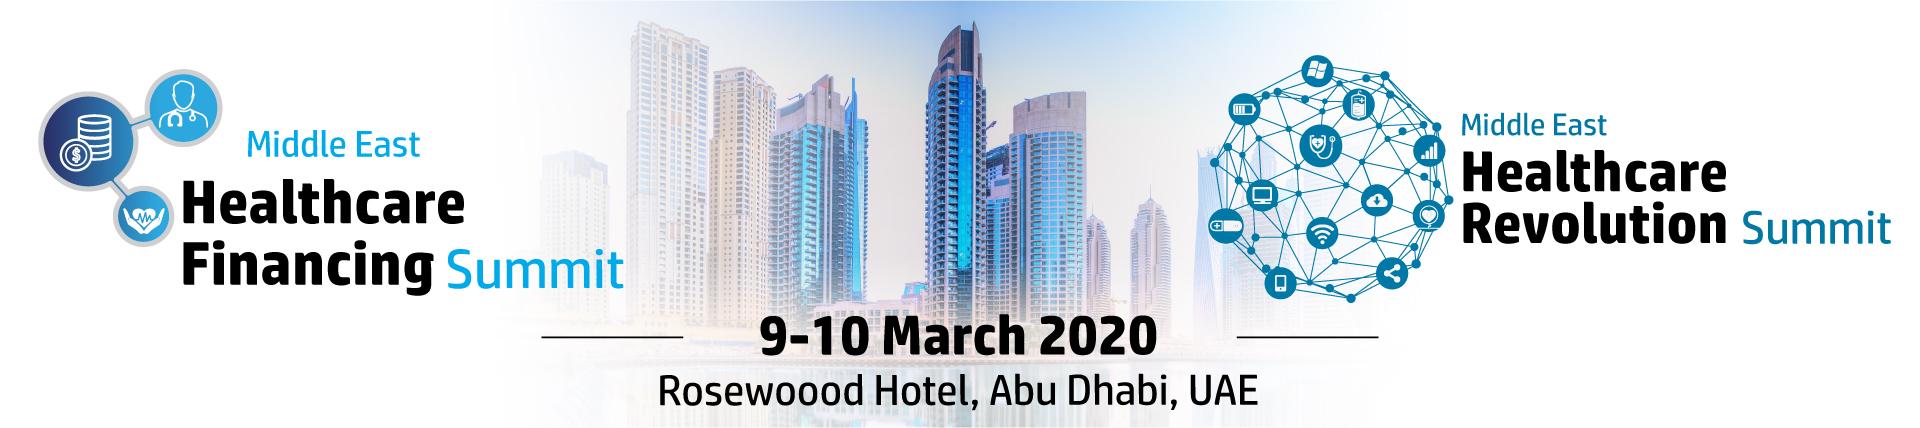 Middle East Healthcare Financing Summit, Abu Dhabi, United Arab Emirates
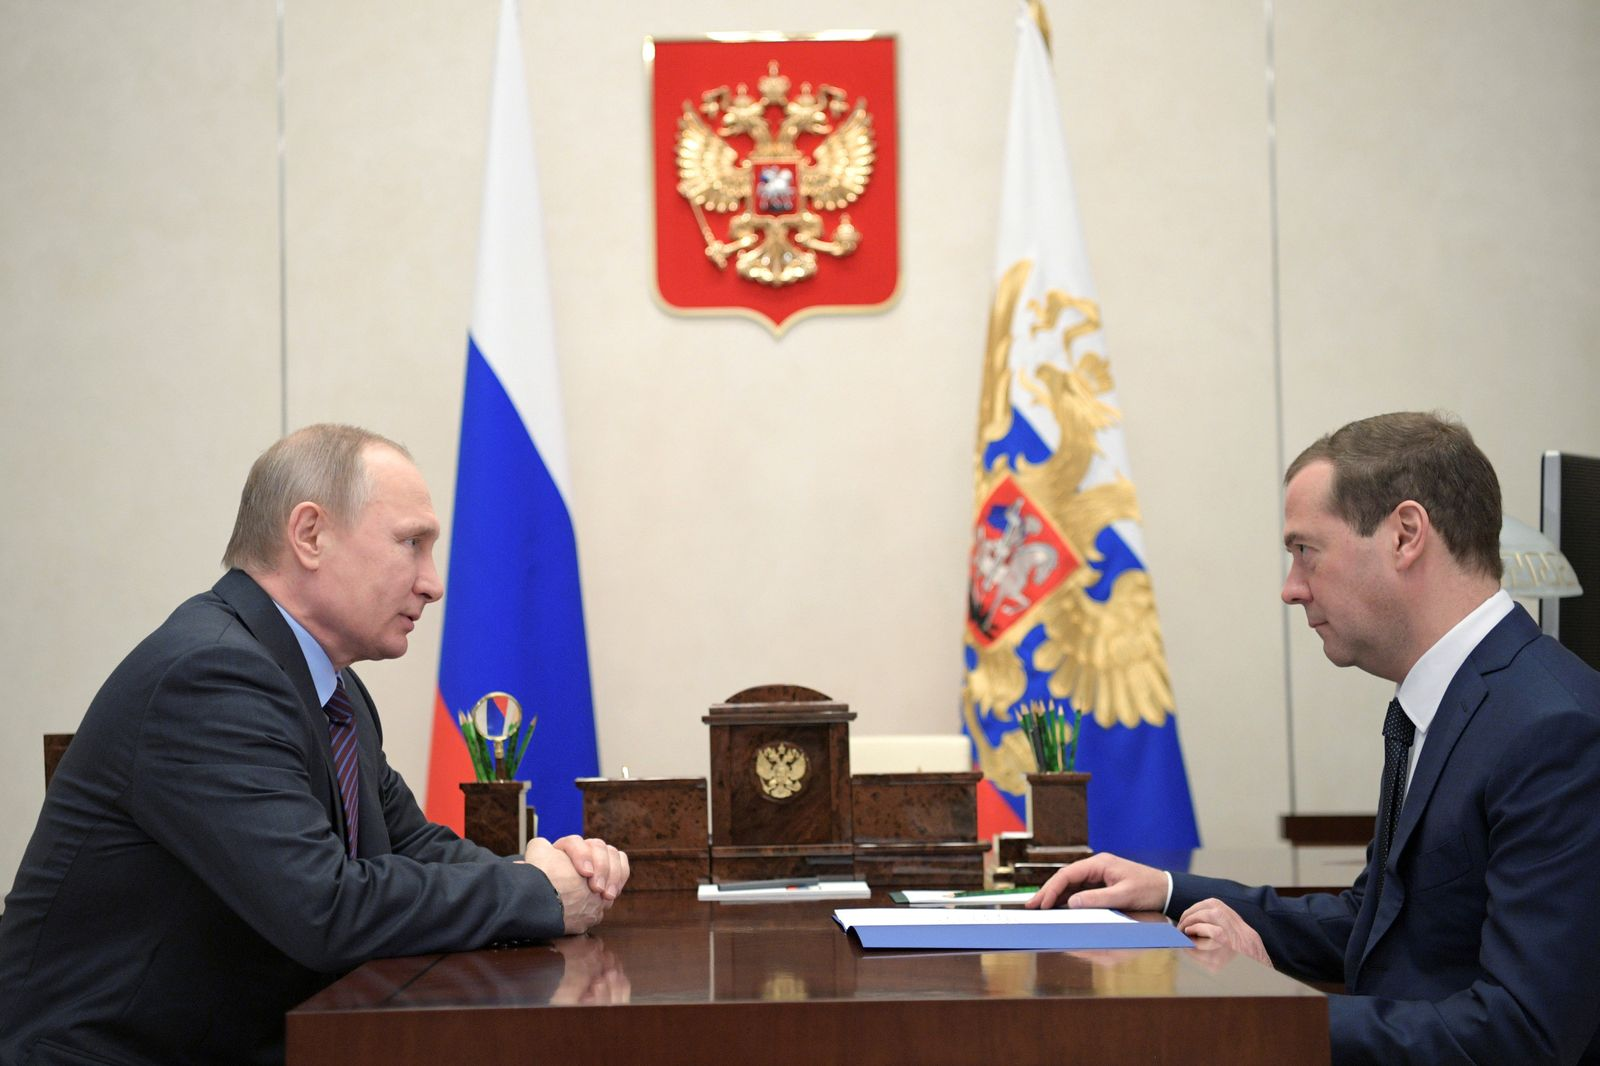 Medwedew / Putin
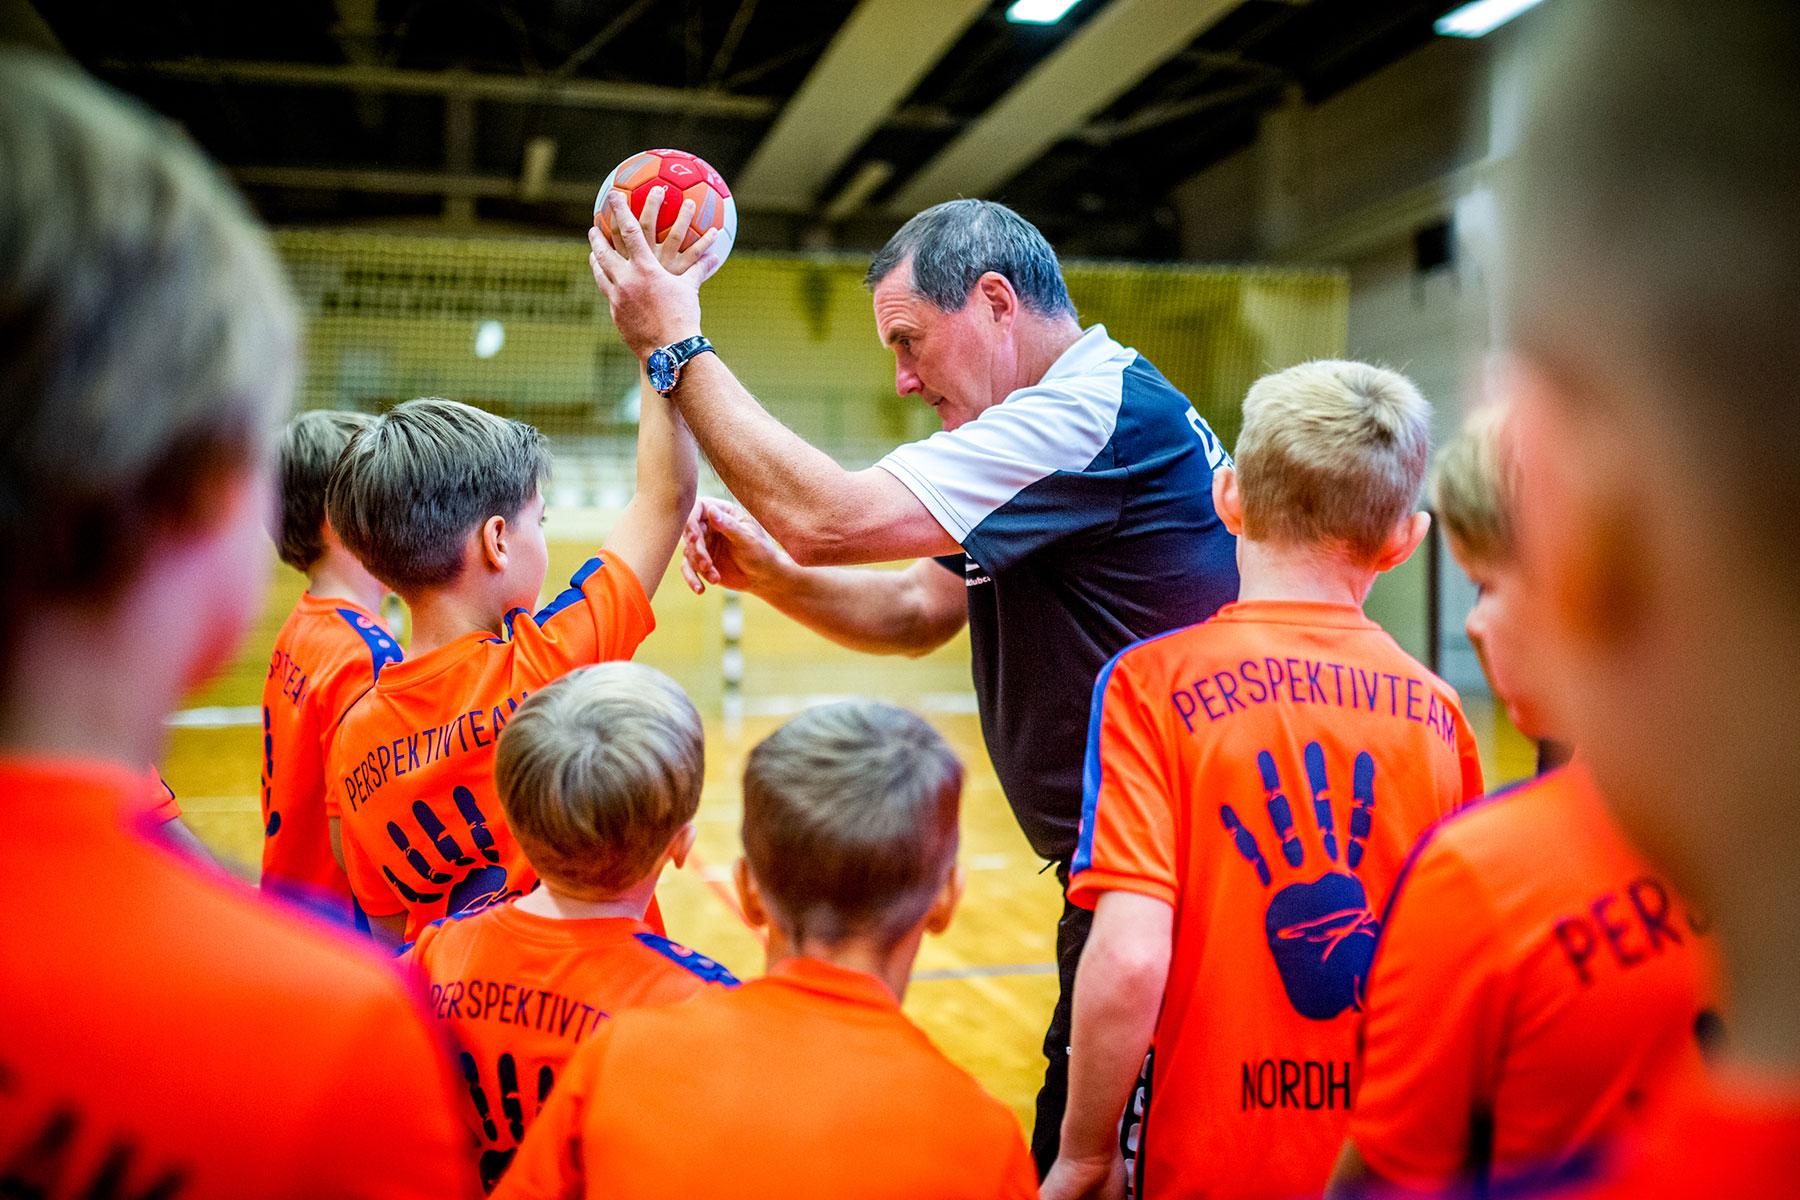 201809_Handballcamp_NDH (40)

········

▶ **Description of the task**
Exclude images. Return the data above verbatim.

▶ **Result of this task**
 Middle East Healthcare Financing Summit, Abu Dhabi, United Arab Emirates
 Medwedew / Putin
 201809_Handballcamp_NDH (40)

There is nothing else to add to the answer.